La bonne forme est la corrélation des seuils d’acceptabilité et des limites. Chaque maison de couture auto-gère ses propres valeurs et en même temps se gère par rapport à la dynamique de la haute couture. La réussite d’une collection-objet dépendra de l’(eu-)phorie (l’affect doit toujours être positif), de la mise en accord des valeurs de la marque avec les tendances de la saison. Par exemple si le sexy est acceptable, le vulgaire ne l’est pas. Le dispositif des valeurs de chaque marque crée des effets de présence qui doivent être apaisés et rééquilibrés pour qu’il y ait catharsis.

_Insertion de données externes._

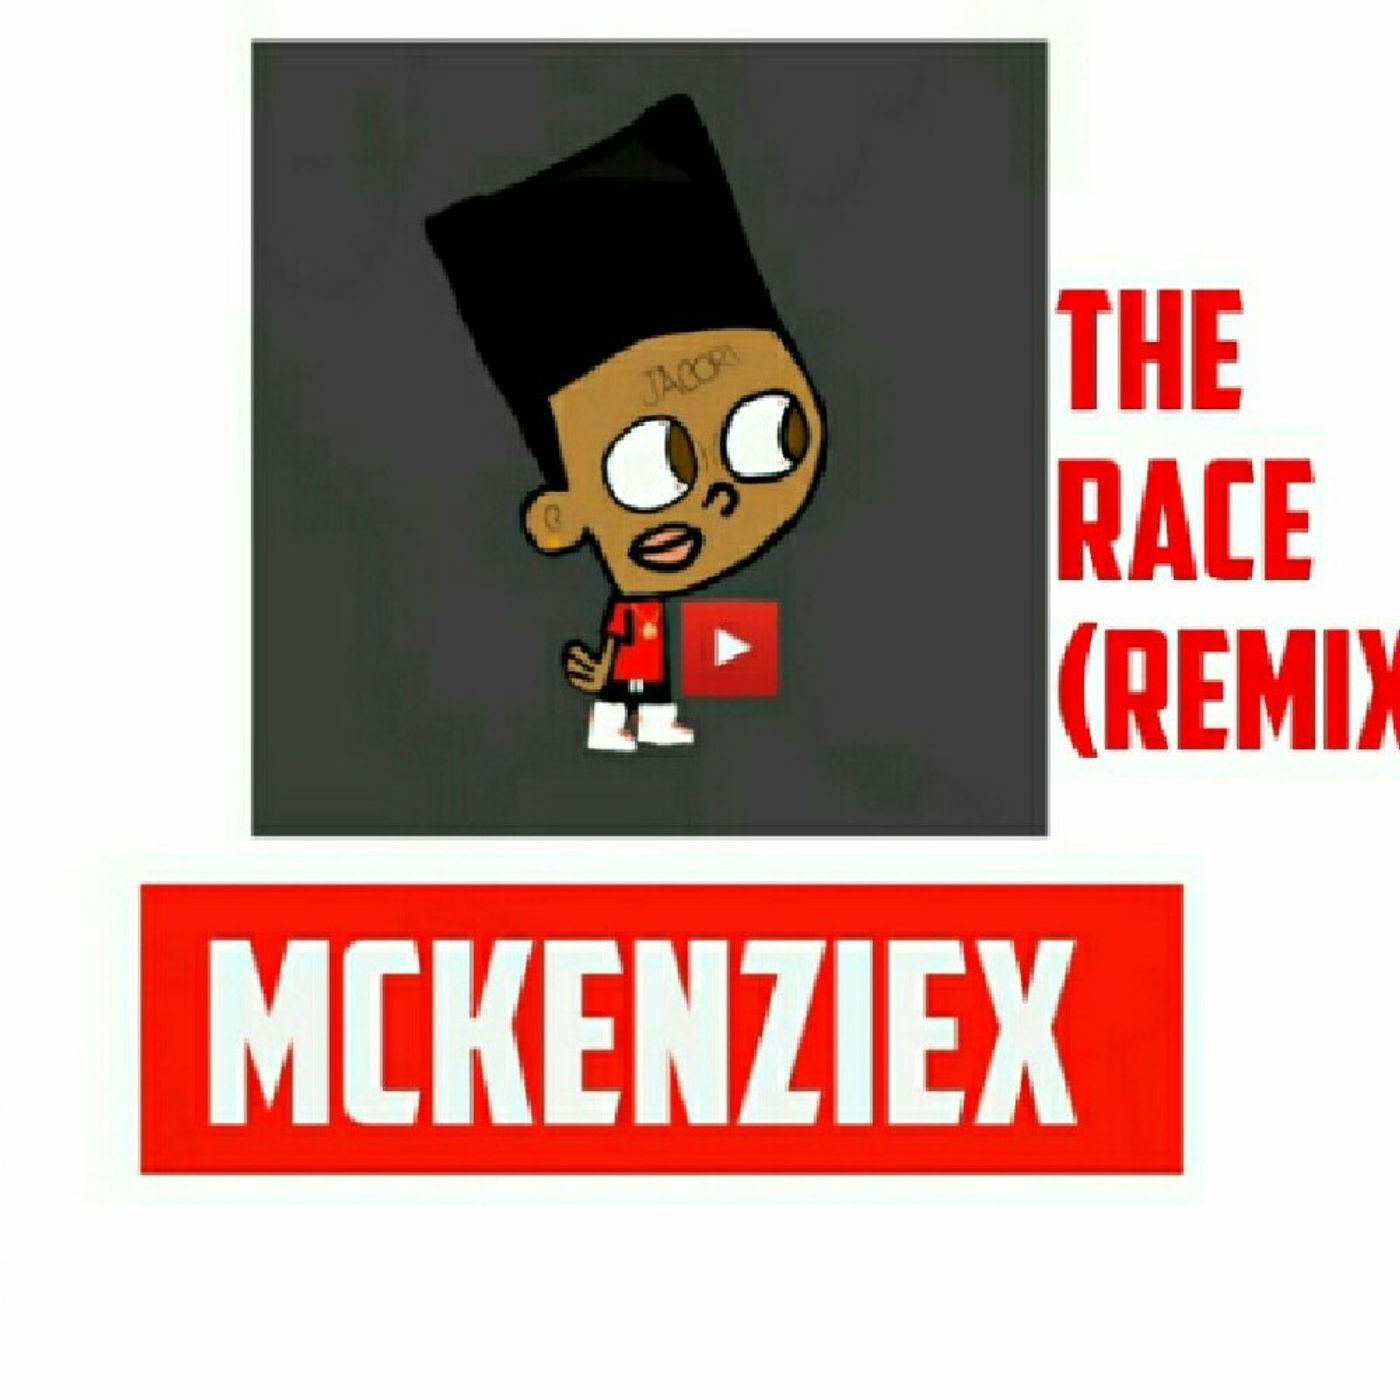 THE RACE (REMIX)
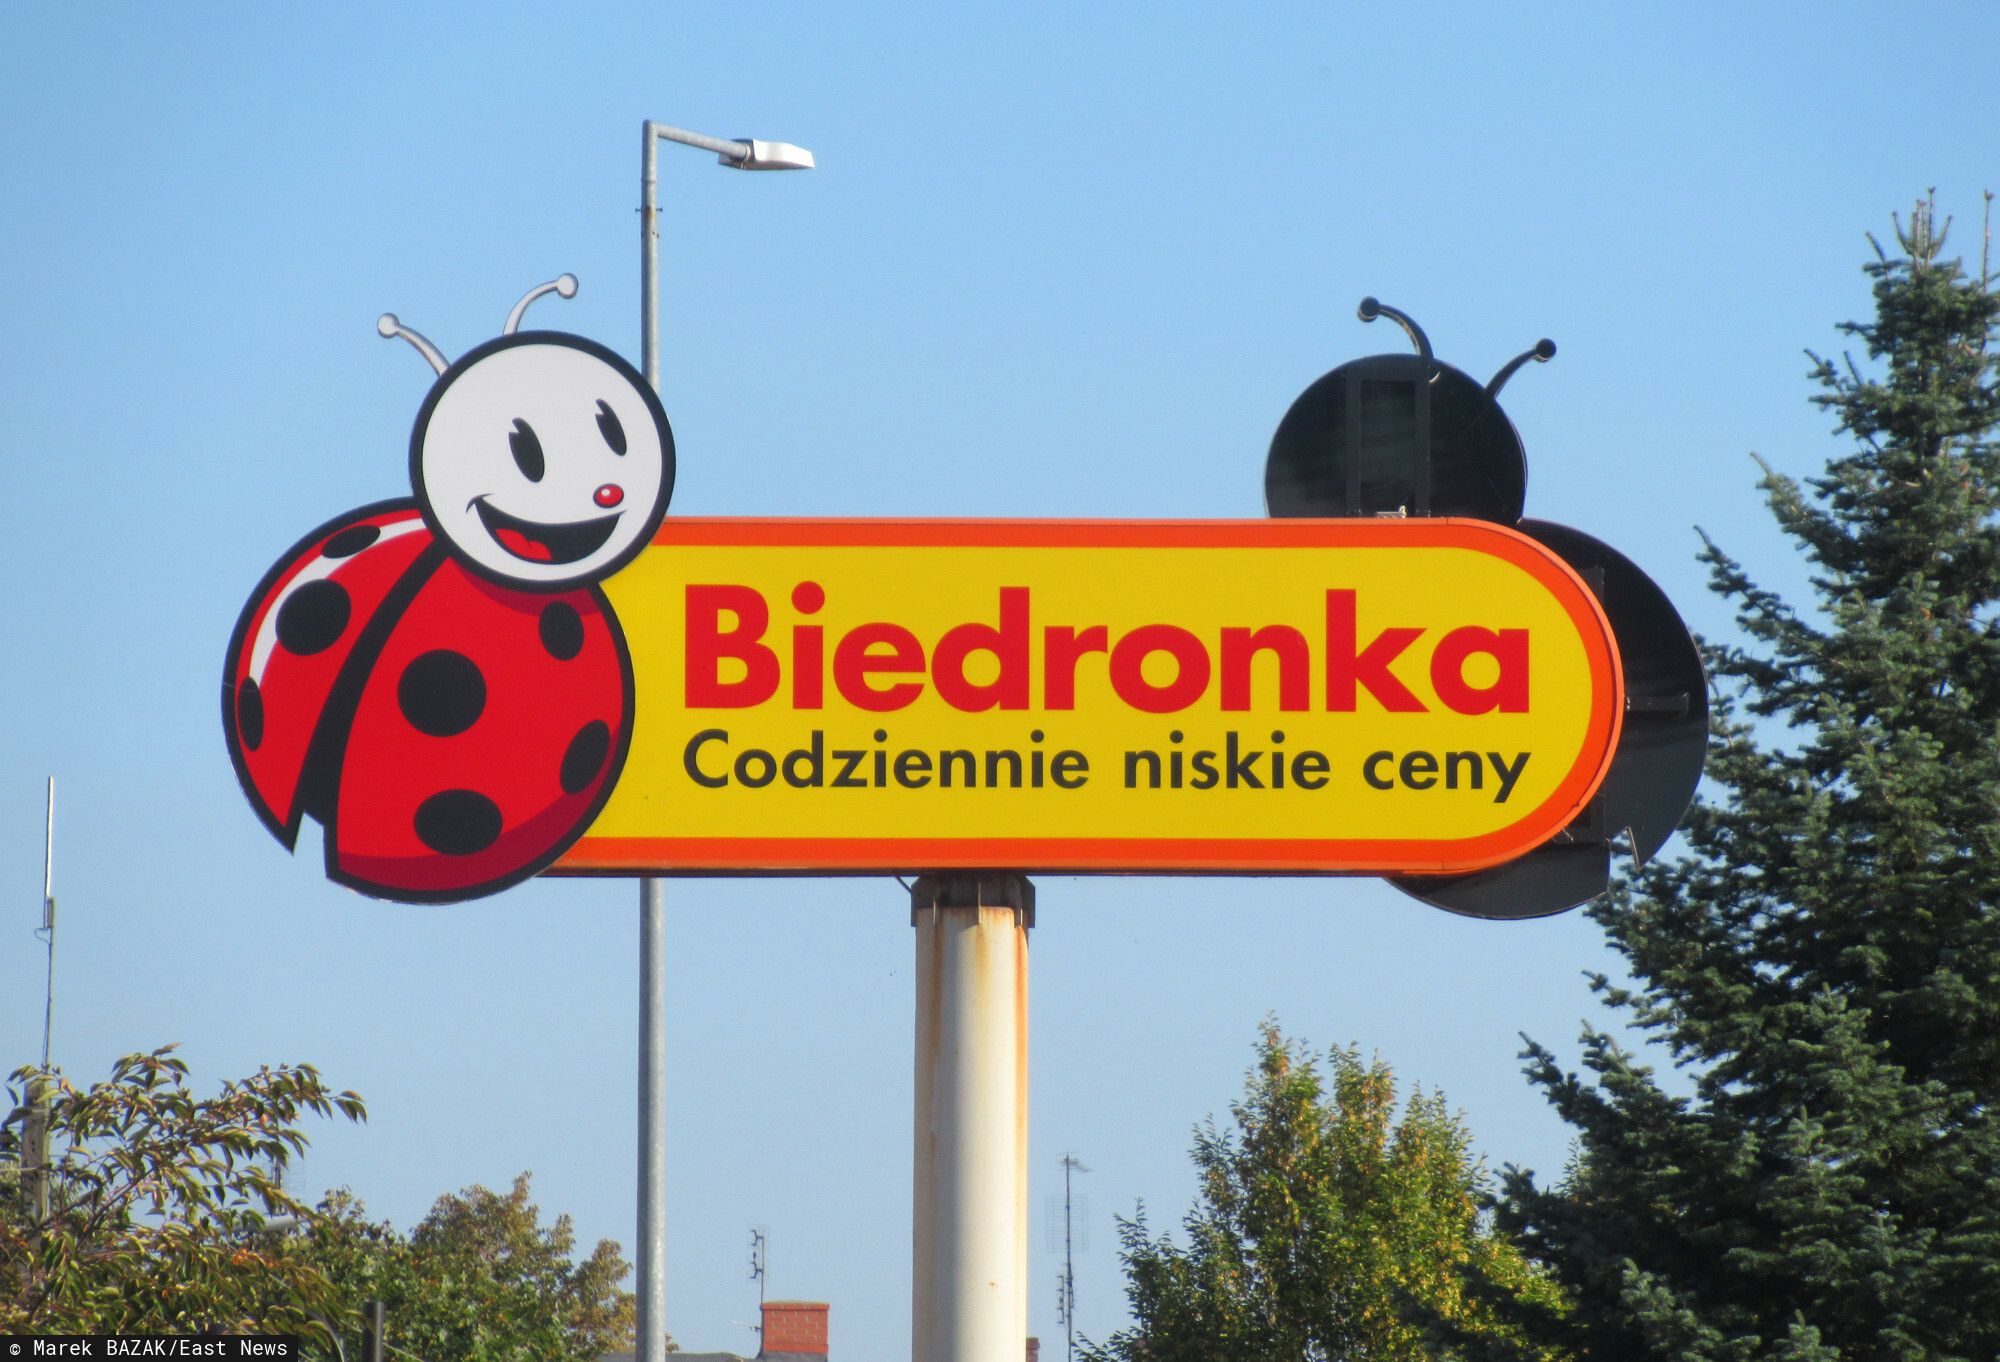 Biedronka logo

La question des seuils et des limites est développée par Rastier et Zilberberg. Dans Introduction dans la Sémiotique des cultures, Rastier pose la question en termes de seuils d’acceptabilité et de seuils d’intensité 316 , tandis que Zilberberg décrit la « fragilité » des seuils et des limites à cause de leur « instabilité progressive et constante » 317 .
La ressemblance des deux auteurs d’orientation théorique pourtant différente ne se limite pas seulement à cette question précise. Selon nous, la base même de la sémantique tensive (avec les questions de l’intensité et du rythme, et des opérations de relèvement et d’atténuation) n’est qu’une gestion de la présence, à l’instar de la perception sémantique 318 .
La juxtaposition des valeurs au sein du discours concerne un transfert d’énergies, et une recherche d’équilibre. Le discours, grâce à son élasticité peut à la fois accueillir, voire provoquer des effets de présence et en même temps assurer avec l’acte de lecture les conditions de bonne lisibilité-visibilité. Plus précisément, nous allons examiner comment dans un domaine tel que la haute couture, qui par définition suscite l’hyperbole 319 , sont provoqués des effets de présence, c'est-à-dire apparaissent les marques d’une certaine intensité.
Nous allons aussi voir à l’aide de la perception sémantique (assimilation, dissimilation) comment chaque marque oscille entre le trop et le ce qu’il faut 320 . Chaque valeur possède des virtualités qui une fois mises en contexte, vont être soit actualisées, soit inhibées et remplacées par de nouveaux sèmes. La lecture avec les opérations interprétatives « libère » les valeurs en attente et règle les déséquilibres sémantiques créés.
Cf. RASTIER F., Une introduction aux sciences de la culture, François Rastier, Simon Bouquet (éd.), Paris, Presses Universitaires de France, 2002, pp. 255-266, et RASTIER F., « Les valeurs et l’évolution des classes lexicales », in La polysémie ou l’empire des sens, Lexique, discours, représentations, REMI-GIRAUD S., & PANIER L. (dir), Presses universitaires de Lyon, 2003. pp.39-64.
ZILBERBERG C., « Seuils, limites, valeurs », in Questions de sémiotique (dir.) Hénault A., Paris, PUF, 2002, p.341.
Comme nous avons développé dans le chapitre sur la présence, les opérations interprétatives assurent la perception sémantique.
La présence est manifestée lorsqu’il y a des débordements. Nous constaterons que la tendance très forte de la haute couture est de pousser toutes les valeurs d’intensité faible vers des degrés d’intensité les plus extrêmes.
Cf. ZILBERBERG C., « Du récit au discours », in Signes des temps : temps et temporalité des signes, (dir.) GUILLEMETTE L , et HEBERT L., avec la collaboration de ARSENAULT L., et COSSETTE J., Les presses de l’université Laval 2005, pp. 289-317.